I see a lot of adds (Freud Whiteside) for CNC bits. Are there any difference in CNC bits and bits that I normally use?


----------



## difalkner (Jan 3, 2012)

I rarely look at ads but I use Freud and Whiteside for most of my CNC and router bits. I have a couple of one-offs but otherwise I'd say at least 90% are those brands.

David


----------



## kp91 (Sep 10, 2004)

Don, 

V bits are V bits in my opinion, I use both router bit and CNC bits interchangeably.

End Mills need to match the application you are using them for, especially in plunging operations. If the bit is not designed to make a plunge cut it will need to be ramped in.
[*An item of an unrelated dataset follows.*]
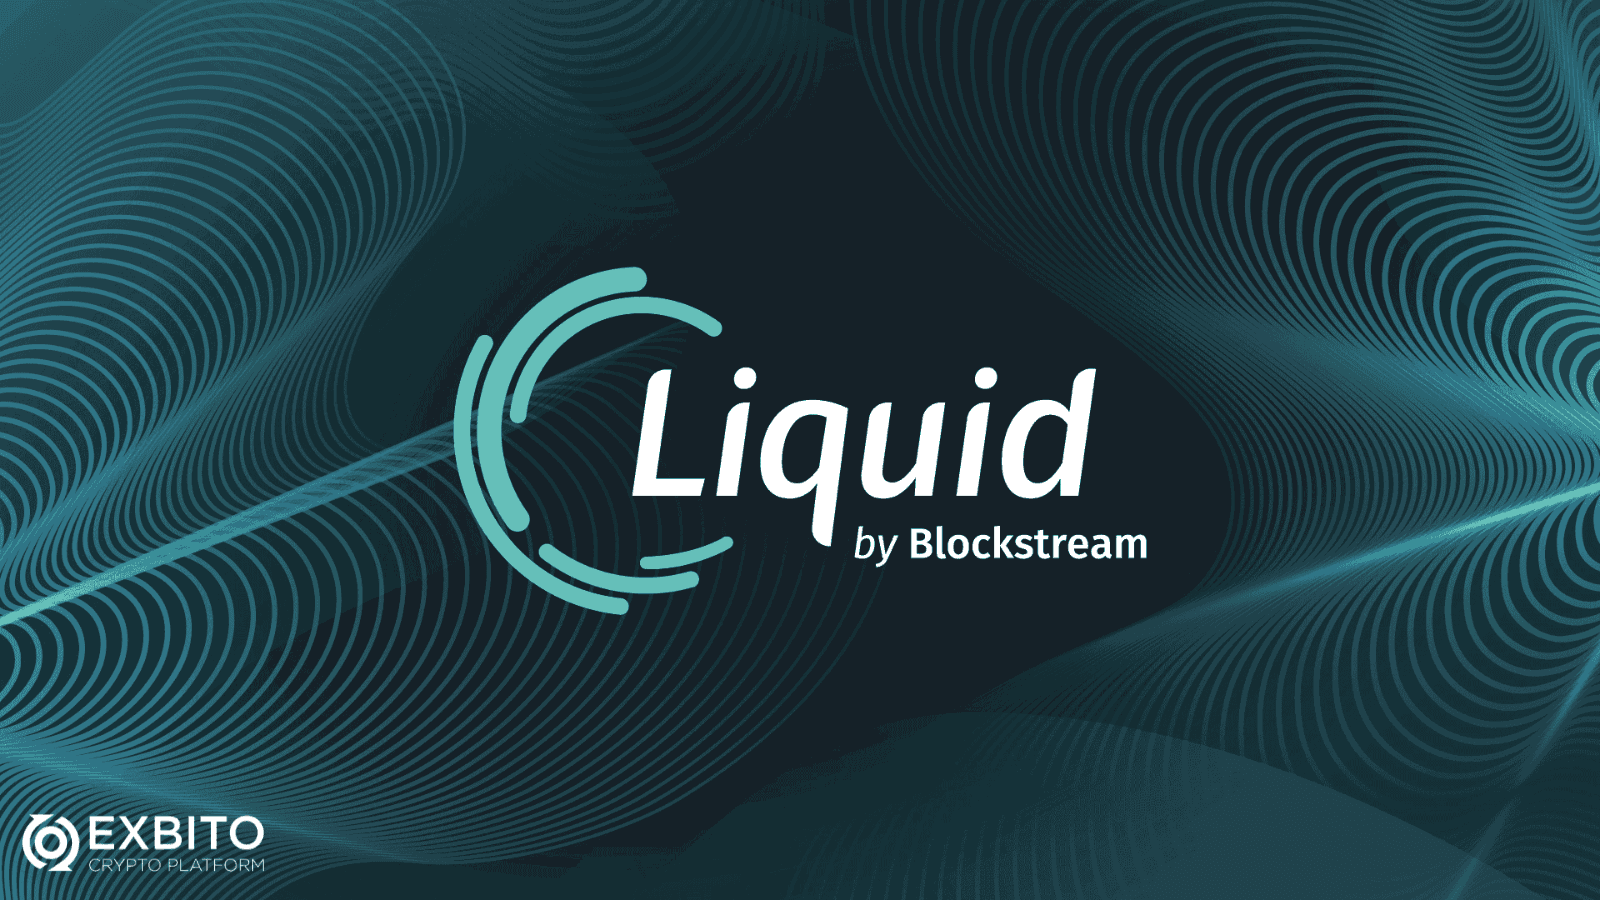 لیکوئید (Liquid)

I have used bowl cutting and round over bits (no bearing) without a problem.

My machine uses a router for the spindle, so router bits are a acceptable choice


----------



## rnubee (Aug 2, 2017)

I think that all CNC Bits of the same shape will be exactly the same length, and size within .001”, if one goes bad in a cut, you can change to a new one bit without resetting everything.


----------



## rkaligian (Jan 22, 2011)

I look at cutters as being in one of two "categories." The first category is pretty much typical ball and flat end mills. The second category is everything else including V cutters, round-overs etc.

For the common flat and ball mills, I only purchase carbide as well as I only use "long" cutters. I feel the best and most economical place to get these are through Your Carbide Cutting Tool Source. They stock all the common diameters and carry both the regular and long lengths in flat and ball. They are quick to ship and I have found the products to be very high in quality.

For the second category of cutters I have found various sources online including Amazon, MLCS, Think and Tinker, Rockler, Woodworkers Supply, etc., etc. For those that "poo-poo" MLCS, I have been using their products for over 30 years and have not had a bad experience yet. Just my opinion, FWIW...


----------



## SplinteredDave (Nov 9, 2017)

For most of my bits I will use Whiteside or Freud. For some cheap 1/8" endmills I just get the Chinese 10-packs off Amazon or from DrillMan on eBay. I have purchased some specialty endmills from Tools Today and often go there for information/education


----------



## 4DThinker (Feb 16, 2014)

Bit manufacturers realize that some bits sell mostly to CNC users. Tiny ball end bits for 3D work is one example. If you use it on your CNC, then it is a CNC router bit.


----------